Any ways, I just bought a Time Edge Racer Frame, and trying to decide between ordering 08 Red online (I've seen anywhere between $1300-1600) or waiting for 2009 rival for $900's. Please share info if you know of shops willing to sell groups without marking them up too much and when they expect to have stock. Thanks.


----------



## MarvinK (Feb 12, 2002)

Email GVHBikes.com... they always have good SRAM stock.. and prices.


----------



## jtferraro (Jun 28, 2002)

*Did that...*



MarvinK said:


> Email GVHBikes.com... they always have good SRAM stock.. and prices.

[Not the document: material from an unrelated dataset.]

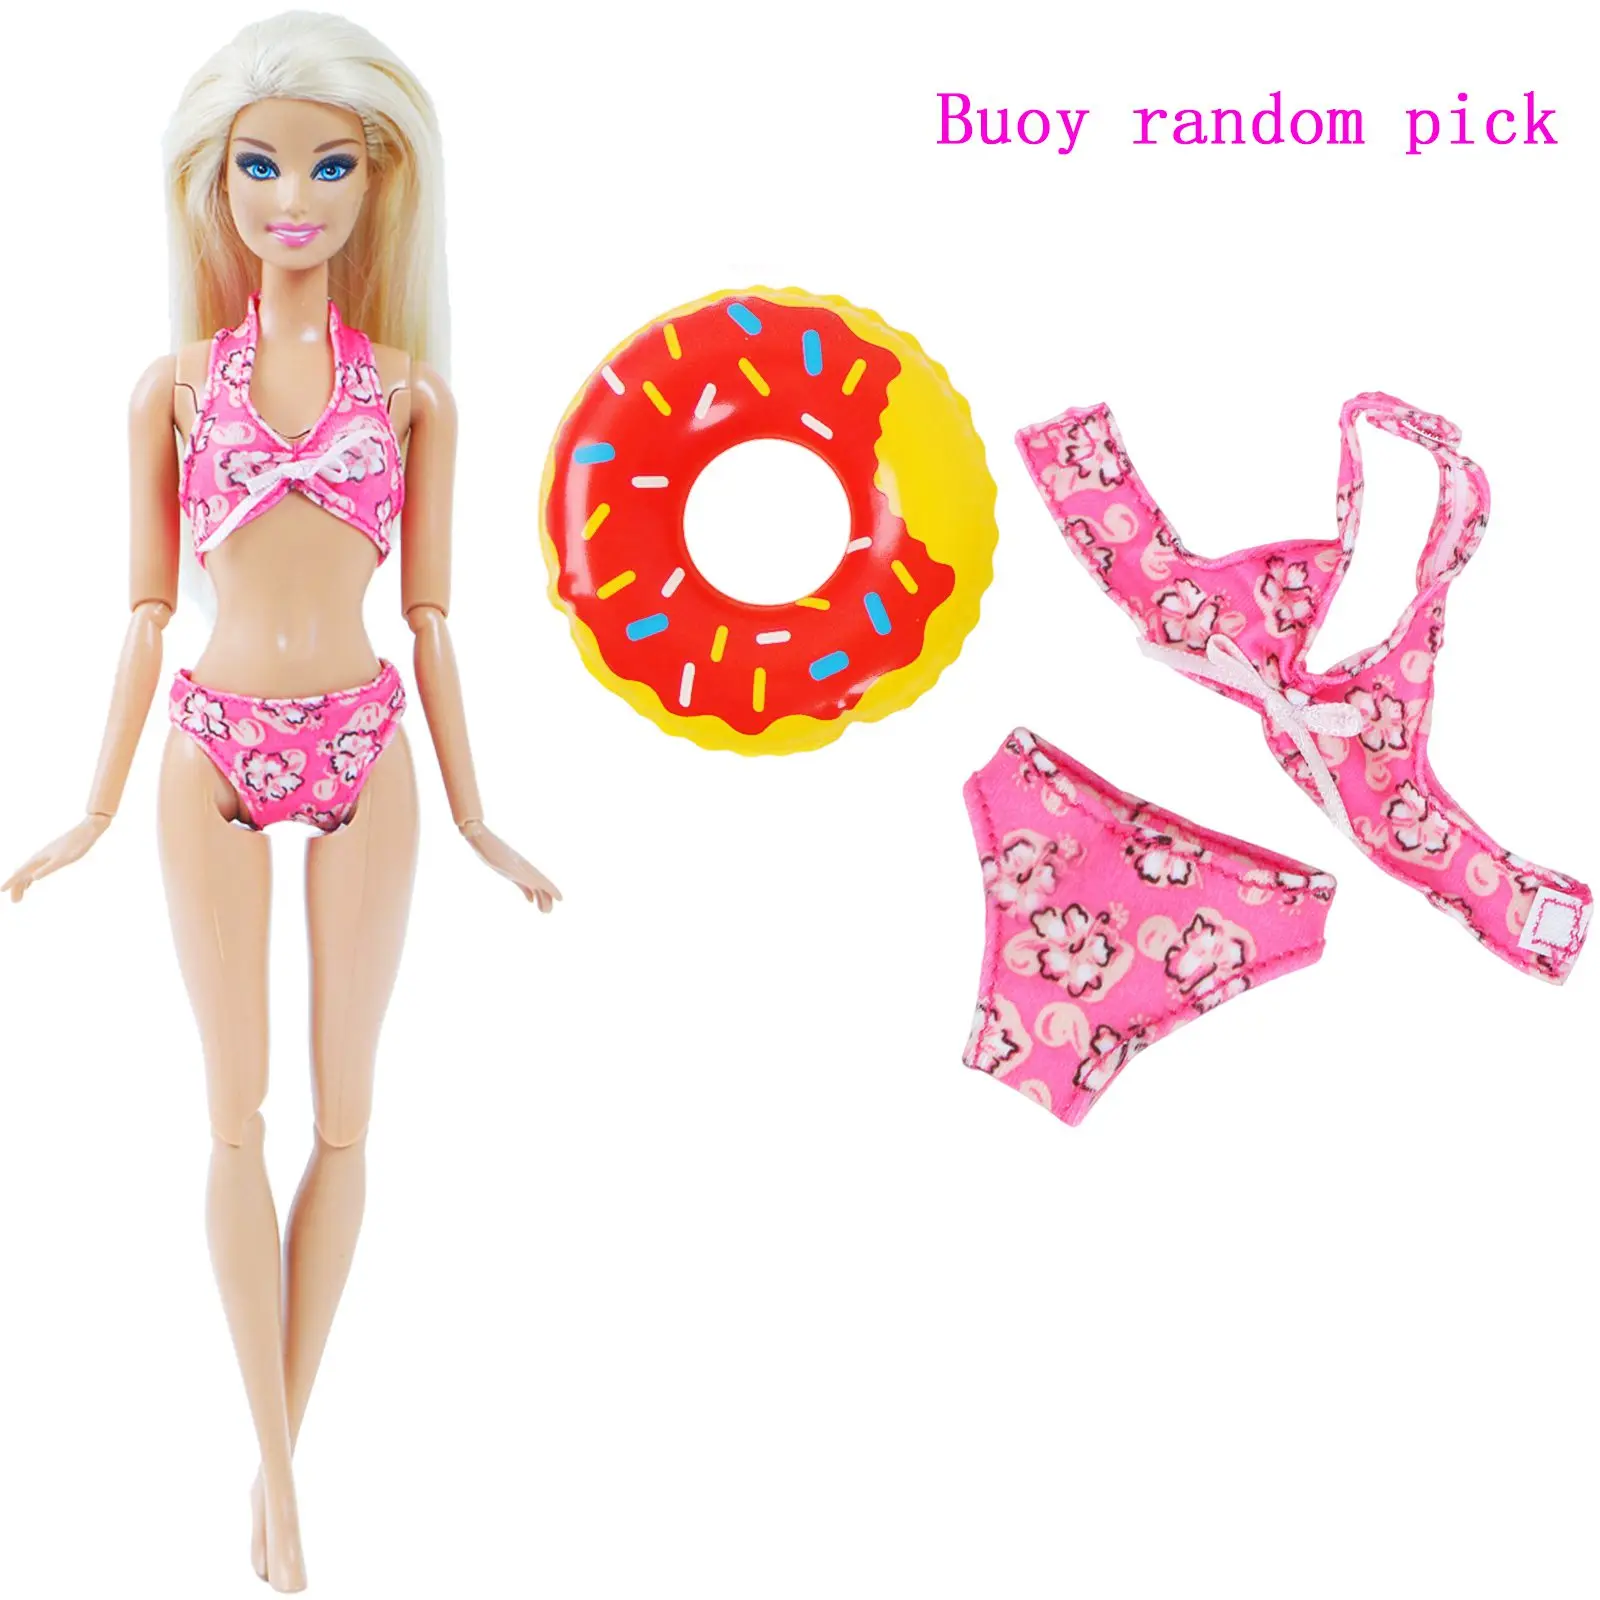 1x купальники для кукол пляжная одежда для купания прекрасный Купальник бикини+ случайный 1x плавательный круг спасательный пояс кольцо для куклы Барби девочка игрушка

Here's Tom @GVHbikes' reply:
***********************************
Jeff,
If SRAM follows their pattern, they will do a ton of advertising all year for parts that won't be available until next February.
At this point it is the silver Rival that is available.
Thanks,
Tom
***********************************


----------



## MarvinK (Feb 12, 2002)

Heh. Ya, I ended up waiting over the winter for Force and didnt get it until spring 07. Seems like they only have a few sets available the year before--and only distribute them to the biggest bike shops. I know they're going to be shipping at least some in the next few months. Cervelo already is advertising bikes with 09 SRAM Force.


----------